Natalya Martirosyan Նատալյա Մարտիրոսյանը

* 1951

  • I wanted… well, it also came to my mind, by the way, I always think about it. When independence was already declared, and the flag was put on the clock in that square, but this was not official… So at that time it was national, no, not national, it was the Presidium of the Supreme Council, the building was on Baghramyan, and the flag was still the Soviet flag. I will never forget, it influenced me more than the huge crowds in that square… So, this has happened. The chamber quartet was playing. They took out the flag, brought it and folded it in front of us. They raised our flag, folded the other flag, took it inside with respect and honor, and then distributed champagne to us. It was beautiful! And imagine it under the music of the chamber quartet, and it was a very right step. You can’t cut it, you can’t say that Soviet Armenia has nothing to do with us. Yes, we fought against the Soviet Union, but we had achievements; our science, our education, our culture, that is ours. If it is a symbol, it’s a flag, the flag of your state, the flag of your state for a certain time period, you have no right to show disrespect. With respect, with honor, like they say “С почетным караулом” [in Russian, “with a guard of honor”] it was taken inside, perhaps it was taken and archived. And many people, the place was not that big, but there are people who remember it, I also remember it. I remember it, and it’s stuck in mind as the most important element, that you cannot cut off from the root. You know, well, I always remember an episode from The Hamlet where he said “неладно что-то в Датском королевстве. Распалась связь времен.” [in Russian “Something is rotten in the state of Denmark. The time is out of joint.”]. So, when the time is out of joint, if the times start falling apart, it means that it is somehow very dangerous, very, very bad. You know what? It means that the idea solves today's problem, but violates the problems that come from centuries.

  • You know what? In my opinion there was also a slight difference between natural scientists and their institutes, and the humanities. Because the scientific researchers in the field of humanities were more aware of the history, like what had happened and what could happen, let me put it this way, they knew about the national aspirations, as well as the nuances of the national path. As for us, we were not that deep into everything. But because we trusted and believed in each other, we accepted it. Yet, ours mostly started during the perestroika, when we started to post things on the notice board. Clearly, there were no social networks back then, but there were, for example, articles in “Literaturnaya Gazeta”, there was the samizdat that we had to read in one night and pass to the others. And these ideas, I say it again, because we had connections with Moscow, Leningrad and other major scientific centers, that information was available to us. It was very interesting for us. And there was also a separate column [on the notice board], where we could write our own opinions about the information that was posted there, like today’s Facebook, and it was really interesting, and it was clear that we also had to do our job. But often when, for example, we had free time, we certainly discussed it. And we discussed it in a rather heated way, because there were different opinions, and even then there were people, who did not believe that it was not an imitation, that changes would really happen, they believed that the end of Gorbachev would come, the end of his ideas would come very soon, and we would fall back into the Soviet pit, where we were. There were also people, including myself, who believed that the developments were irreversible, that it was not possible to restore the ideas that kept people in that condition. And we just sensed that. Since we were small, we had to be very flexible, and take into account the possible reaction, we had to be very smart, we had to be able to find the right path, so that we would not be under the broken system of the Soviet Union and would be able to survive.

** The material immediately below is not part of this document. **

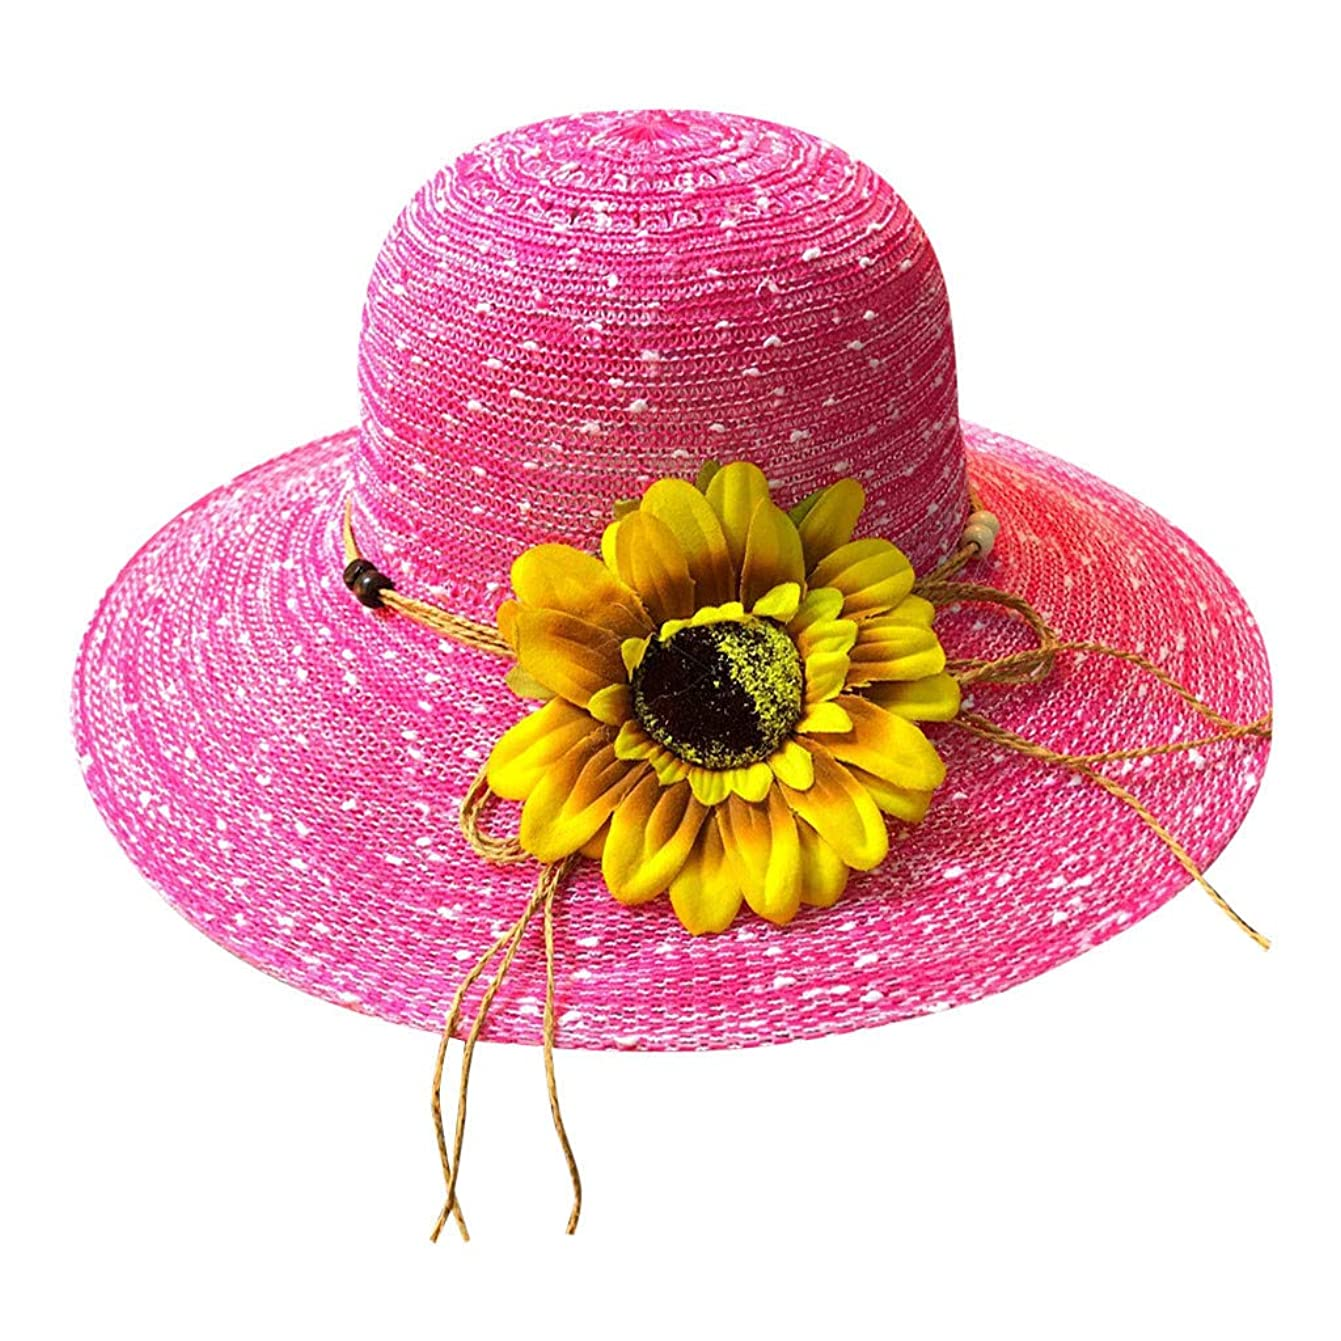 懐疑的バーターヒロイン帽子 レディース アウトドア 夏 春 UVカット 帽子 ハット 漁師帽 日焼け防止 つば広 紫外線対策 大きいサイズ ひまわり 可愛い ハット 旅行用 日よけ 夏季 ビーチ 無地 ハット レディース 女性 ROSE ROMAN

  • So, it was always my responsibility, I always collected news from the square, quickly went up to the institute, quickly printed the news on a typewriter and posted them. It was firsthand information, then we would discuss it, etc. In fact, our institute and especially our sector was very involved in the process, in everything. And this is how it slowly developed․ I՛m already moving to a different topic, but one is connected with the other, that's why I continue… In fact, already in May 1988, if I’m not mistaken, the Karabakh Committee was created, at least it announced its creation and... here I want to stop a little and present it. One of my tasks and responsibilities was to prepare a small informational piece about the members of the Karabakh Committee. And when I was analyzing, I noticed that 7 out of 11 people had academic degrees. Two were Doctors of Sciences, Rafael Ghazaryan and Levon Ter-Petrosyan; five were Candidates of Sciences, that’s a thing, I could say they were the majority. The professional backgrounds were also interesting, fifty-fifty. Five of them were from natural and technical sciences, mostly physicists, mathematicians in different areas, and the remaining five were from humanities. Among them, we had two teachers: Ashot Manucharyan and Samson Ghazaryan, we had Samvel Gevorgyan from the field of journalism, we had Vano Siradeghyan, a poet; and we knew what Levon Ter-Petrosyan and Hambardzum Galstyan were doing. Another interesting thing was that most of them studied in Moscow or Leningrad in one way or another. So that connection… Why am I saying this, to show that it was not just like that, that it was not born out of nothing, there was a ground, a very important idea that united people. And for me, you know what? Don’t consider it a snobbism, but Ashot Voskanyan once said that this movement had an enlightenment nature, and back then the academic, artistic activities were respected. People trusted those people more. Apart from that, political, etc., etc., also their paths, their intellectual capabilities, their image of, I don’t like that word, but intelligentsia, the image of a person that did intellectual work.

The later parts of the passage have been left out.